Kadir Nurman (c.1933 – 24 October 2013) was a Turkish restaurateur, widely credited with having in 1972, in West Berlin, introduced or "invented" the fast food sandwich commonly known as the "kebab" (der Döner), consisting of traditional Turkish döner kebab meat stuffed together with mixed salad into a flatbread. Nurman received a lifetime achievement award from the Association of Turkish Döner Manufacturers in 2011. Afterwards, Nurman told the German magazine Frankfurter Rundschau that he was unhappy with modern döner kebab sandwiches, as "there are too many ingredients" in them.

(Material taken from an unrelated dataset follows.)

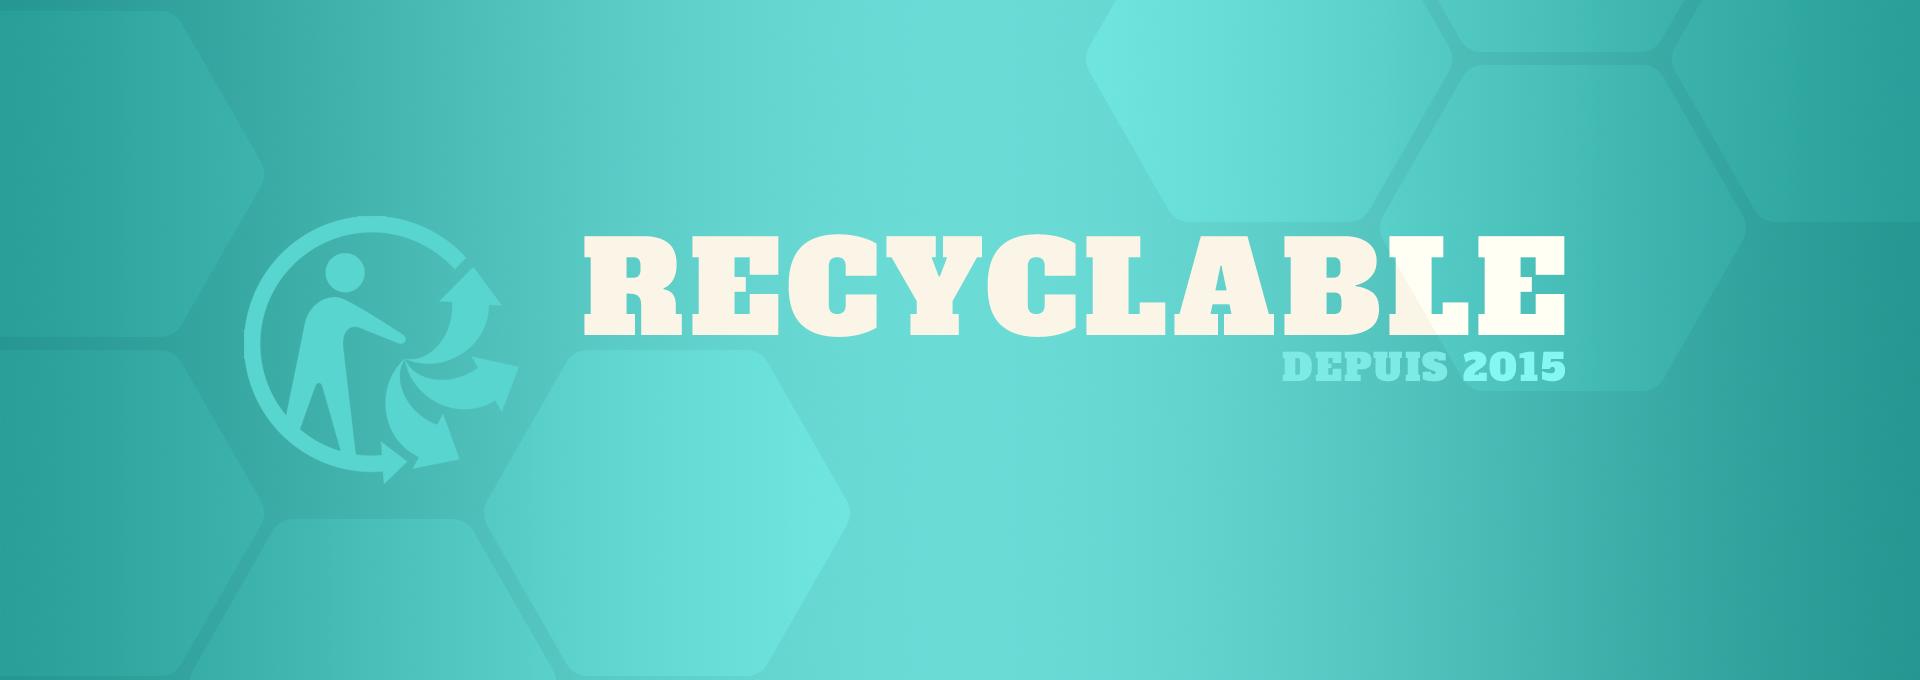 tri & déchets les logos du recyclage

Several people have been credited with being the "inventor of the döner kebab" in Germany, but such claims – including that for Nurman – are widely considered inaccurate. The familiar rotating döner kebab meat, roasted on a vertical spit and sliced with a sword, has been well known in Turkey since the mid-19th century. Its invention is attributed to the town of Bursa, and often credited to İskender Efendi; though it has also been ascribed to a cook named Hamdi, decades earlier in Kastamonu.

Introduced in Nurman's native Istanbul in the 1940s by restaurateurs such as Beyti Güler, it became a world-famous delicacy. Döner kebab has been sold in sandwich form there since at least the mid-1960s. The Greek gyro, was already a popular sandwich item in Athens and in New York City by 1971. Nurman himself did not claim to be the first person to have sold a sandwich of döner kebab meat even in Germany, saying in German: "Maybe someone else also did it, in some hidden corner, but no one noticed. The kebab became well-known through me."

Nevertheless, Nurman’s early kebab shop at West Berlin’s central railway station is widely regarded as an early example of a trend that later spread internationally. His approach to the dish influenced the development of the Berlin-style döner kebab within the Turkish Gastarbeiter community, a variant that later became one of the most popular fast foods in Germany and across much of Europe, before spreading globally.

== Life ==
Nurman was born in Istanbul, Turkey. He emigrated to Germany from Turkey in 1960, aged 26, and moved to Berlin from Stuttgart in 1966. In 1972 he set up a fast food stall at Berlin's Berlin Zoologischer Garten railway station, in what was then West Berlin. At his stall, Nurman sold grilled meat and salad inside a flat bread. He had thought that busy Berlin workers might like a portable meal. Though he did not become wealthy from his widely imitated shop, Nurman later said he was happy that so many Turkish people were able to make a living selling kebabs. At the time of his death, there were approximately 16,000 döner outlets in Germany, with over 2.5 billion euros ($3.3 billion) in annual sales.